Imam Al Barbahari berkata: ”Ketahuilah bahwa ajaran Islam itu adalah sunnah dan sunnah itu adalah Islam” (Lihat Syarhus Sunnah, no 2). Maka pada hakikatnya pemahaman Ahlus Sunnah Wal Jama’ah adalah Islam itu sendiri dan ajaran Islam yang hakiki adalah pemahaman Ahlus Sunnah Wal Jama’ah. Maka Ahlus Sunnah adalah setiap orang Islam dimana saja berada yang mengikuti sunnah Rasulullah Shallallahu’alaihi Wasallam dengan pemahaman para sahabatnya. Jika demikian, sungguh keliru sebagian orang yang membatasi Ahlus Sunnah dengan batas-batas yang serampangan.

Telah keliru orang yang membatasi Ahlus Sunnah dengan suatu kelompok atau organisasi tertentu, seperti perkataan: ’Ahlus Sunnah adalah NU’ atau ’Ahlus Sunnah adalah Muhammadiyah’. Telah salah orang yang membatasi Ahlus Sunnah dengan majlis ta’lim atau ustadz tertentu dengan berkata: ’Ahlus Sunnah adalah yang mengaji di masjid A’ atau ’Ahlus Sunnah adalah yang mengaji dengan ustadz B’. Keliru pula orang yang membatasi dengan penampilan tertentu, misalnya dengan berkata ’Ahlus Sunnah adalah yang memakai gamis, celana ngatung dan berjenggot lebat.

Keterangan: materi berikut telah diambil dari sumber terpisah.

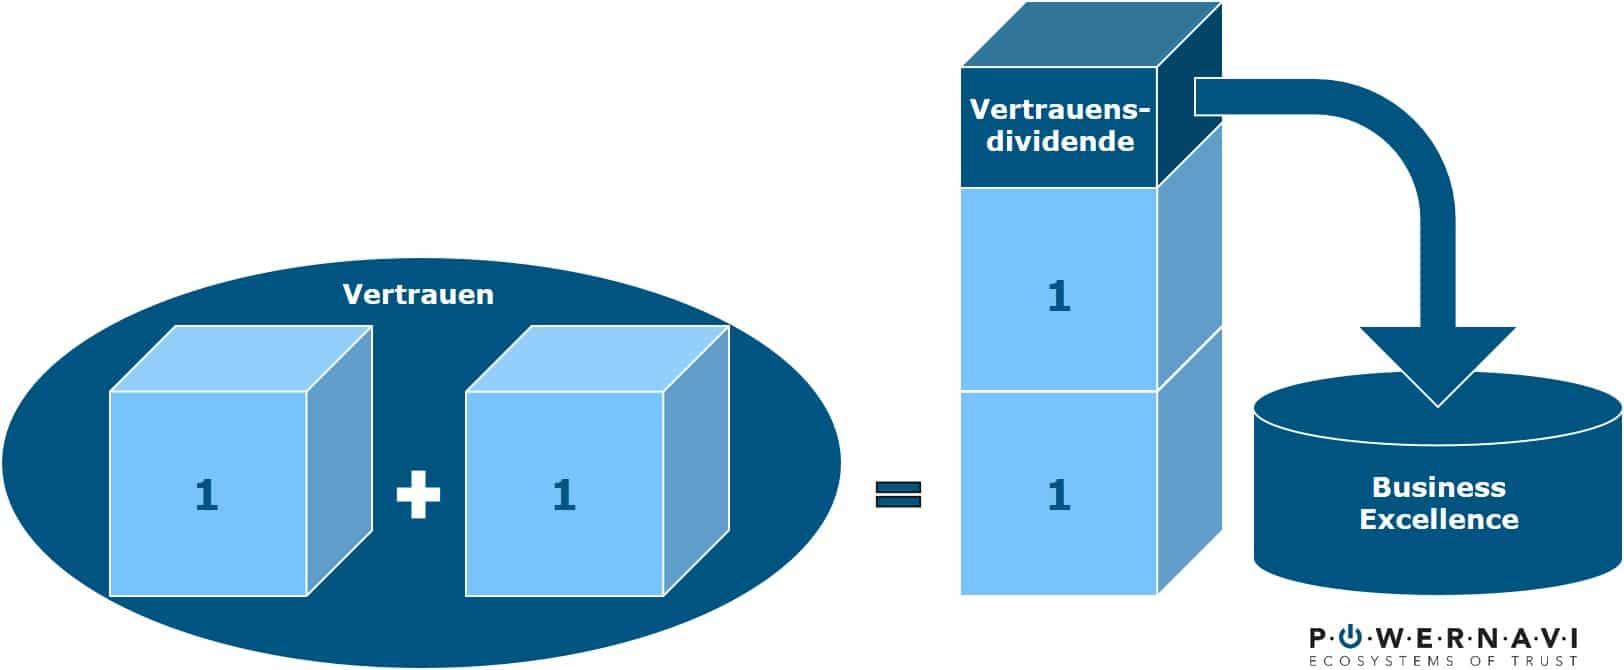 Vertrauensdividende powernavi ecosystems of trust

Yang tidak demikian bukan Ahlus Sunnah’. Tidak benar pula membatasi Ahlus Sunnah dengan fiqih misalnya dengan berkata ’Yang shalat shubuh pakai Qunut bukan Ahlus Sunnah’ atau ’Orang yang shalatnya memakai sutrah (pembatas) dia Ahlus Sunnah, yang tidak pakai bukan Ahlus Sunnah’. Dan banyak lagi kesalah-pahaman tentang Ahlus Sunnah di tengah masyarakat sehingga istilah Ahlus Sunnah mereka tempelkan pada kelompok-kelompok mereka untuk mengunggulkan kelompoknya dan berfanatik buta terhadap kelompoknya.

Adapun Ahlus Sunnah yang sejati tidak sibuk dengan label dan pengakuan, serta benci dengan semangat kekelompokkan. Sebagaimana perkataan Ibnu Qoyyim Al Jauziyah tentang Ahlus Sunnah: ”Sesuatu yang tidak mempunyai nama kecuali Ahlus Sunnah” (Lihat Madarijus Salikin III/174). Bahkan seorang Ahlus Sunnah menyibukkan diri dengan menerapkan sunnah dalam setiap aspek kehidupannya. Dan tidak ada gunanya seseorang mengaku-ngaku Ahlus Sunnah, sementara ia sibuk dengan melakukan bid’ah dan hal-hal yang bertentangan dengan sunnah. Allah Ta’ala berfirman yang artinya ”Sesungguhnya Rabb-mu lebih mengetahui siapa yang tersesat dari jalan-Nya dan Dia juga lebih mengetahui siapa yang mendapat petunjuk” [An Najm: 30].

Semoga Allah Ta’ala senantiasa menunjukkan kita kepada jalan yang lurus, yaitu jalan yang ditempuh oleh orang-orang yang diberikan ni’mat, bukan jalannya orang-orang yang dimurkai dan orang-orang tersesat.